我使用 打开了一个文件。虽然打开成功,但我在尝试使用 copy(deep=True) 时遇到了问题。但是,当我使用原始数据集或打开文件时,可以正常工作 原始代码可以在这里找到: https://github.com/google/xarray-tensorstore/blob/main/xarray_tensorstore_test.pyxarray_tensorstore.open_zarrcopy(deep=True)xarray.open_dataset(path, engine='zarr')

我修改后的代码:

def test_open_zarr(self, transform):
    source = xarray.Dataset(
        {
            'foo': (('x',), np.arange(2), {'local': 'local metadata'}),
        },
        coords={
            'x': [1, 2],
        },
        attrs={'global': 'global metadata'},
    )
    path = self.create_tempdir().full_path
    source.chunk().to_zarr(path)
    openned1 = xarray.open_dataset(path, engine='zarr')
    openned2 = xarray_tensorstore.open_zarr(path)
    openned11 = openned1.copy(deep=True)
    openned22 = openned2.copy(deep=True) # this line fails

并收到此错误:

xarray_tensorstore_test.py:24 (XarrayTensorstoreTest.test_open_zarr_base)
self = <xarray_tensorstore_test.XarrayTensorstoreTest testMethod=test_open_zarr_base>
transform = <function XarrayTensorstoreTest.<lambda> at 0x10c9eb2e0>

    @parameterized.named_parameters(
        # TODO(shoyer): consider using hypothesis to convert these into
        # property-based tests
        {
            'testcase_name': 'base',
            'transform': lambda ds: ds,
        },
    
    )
    def test_open_zarr(self, transform):
      source = xarray.Dataset(
          {
              'foo': (('x',), np.arange(2), {'local': 'local metadata'}),
          },
          coords={
              'x': [1, 2],
          },
          attrs={'global': 'global metadata'},
      )
      path = self.create_tempdir().full_path
      source.chunk().to_zarr(path)
  openned1 = xarray.open_dataset(path, engine='zarr')
      openned2 = xarray_tensorstore.open_zarr(path)
      openned11 = openned1.copy(deep=True)
>     openned22 = openned2.copy(deep=True)

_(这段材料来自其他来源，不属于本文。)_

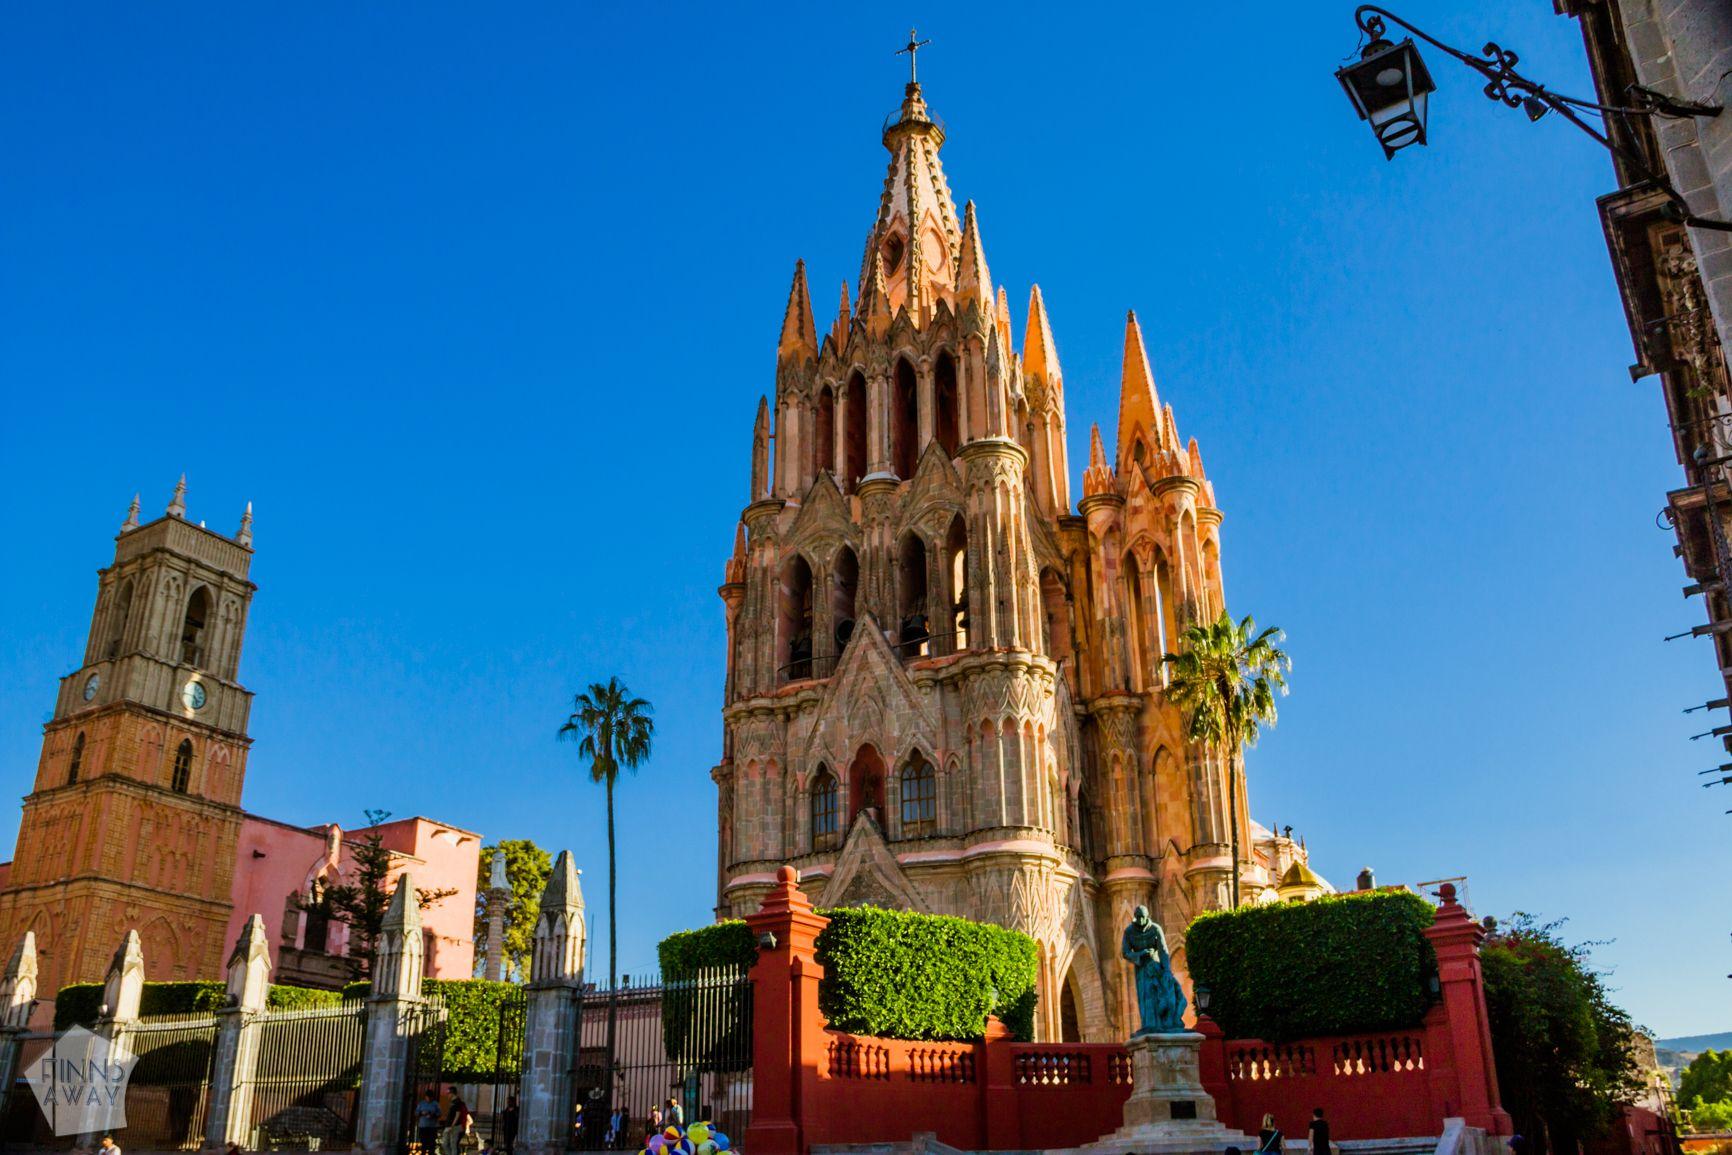 Church of Saint Michael the Archangel, San Miguel de Allende | FinnsAway Travel Blog

xarray_tensorstore_test.py:49: 
_ _ _ _ _ _ _ _ _ _ _ _ _ _ _ _ _ _ _ _ _ _ _ _ _ _ _ _ _ _ _ _ _ _ _ _ _ _ _ _ 
/Library/Frameworks/Python.framework/Versions/3.11/lib/python3.11/site-packages/xarray/core/dataset.py:1282: in copy
    return self._copy(deep=deep, data=data)
/Library/Frameworks/Python.framework/Versions/3.11/lib/python3.11/site-packages/xarray/core/dataset.py:1318: in _copy
    variables[k] = v._copy(deep=deep, data=data.get(k), memo=memo)
/Library/Frameworks/Python.framework/Versions/3.11/lib/python3.11/site-packages/xarray/core/variable.py:1082: in _copy
    ndata = copy.deepcopy(ndata, memo)
/Library/Frameworks/Python.framework/Versions/3.11/lib/python3.11/copy.py:172: in deepcopy
    y = _reconstruct(x, memo, *rv)
/Library/Frameworks/Python.framework/Versions/3.11/lib/python3.11/copy.py:271: in _reconstruct
    state = deepcopy(state, memo)
/Library/Frameworks/Python.framework/Versions/3.11/lib/python3.11/copy.py:146: in deepcopy
    y = copier(x, memo)
/Library/Frameworks/Python.framework/Versions/3.11/lib/python3.11/copy.py:231: in _deepcopy_dict
    y[deepcopy(key, memo)] = deepcopy(value, memo)
/Library/Frameworks/Python.framework/Versions/3.11/lib/python3.11/copy.py:172: in deepcopy
    y = _reconstruct(x, memo, *rv)
_ _ _ _ _ _ _ _ _ _ _ _ _ _ _ _ _ _ _ _ _ _ _ _ _ _ _ _ _ _ _ _ _ _ _ _ _ _ _ _ 

x = TensorStore({
  'context': {
    'cache_pool': {},
    'data_copy_concurrency': {},
    'file_io_concurrency': {},
   ... 'shape': [2],
    'zarr_format': 2,
  },
  'transform': {'input_exclusive_max': [[2]], 'input_inclusive_min': [0]},
})
memo = {4628834944: [b'\x00\x00\x01\x0cfile_io_sync'], 4632967376: <[AttributeError("'_TensorStoreAdapter' object has no attr... in repr()] _TensorStoreAdapter object at 0x116012d50>, 4667144384: {}, 4785223744: [b'\x00\x00\x01\ncache_pool'], ...}
func = <tensorstore._GlobalPicklableFunction object at 0x11422f700>
args = <generator object _reconstruct.<locals>.<genexpr> at 0x11d2ffd30>
state = None, listiter = None, dictiter = None

    def _reconstruct(x, memo, func, args,
                     state=None, listiter=None, dictiter=None,
                     *, deepcopy=deepcopy):
        deep = memo is not None
        if deep and args:
            args = (deepcopy(arg, memo) for arg in args)
>       y = func(*args)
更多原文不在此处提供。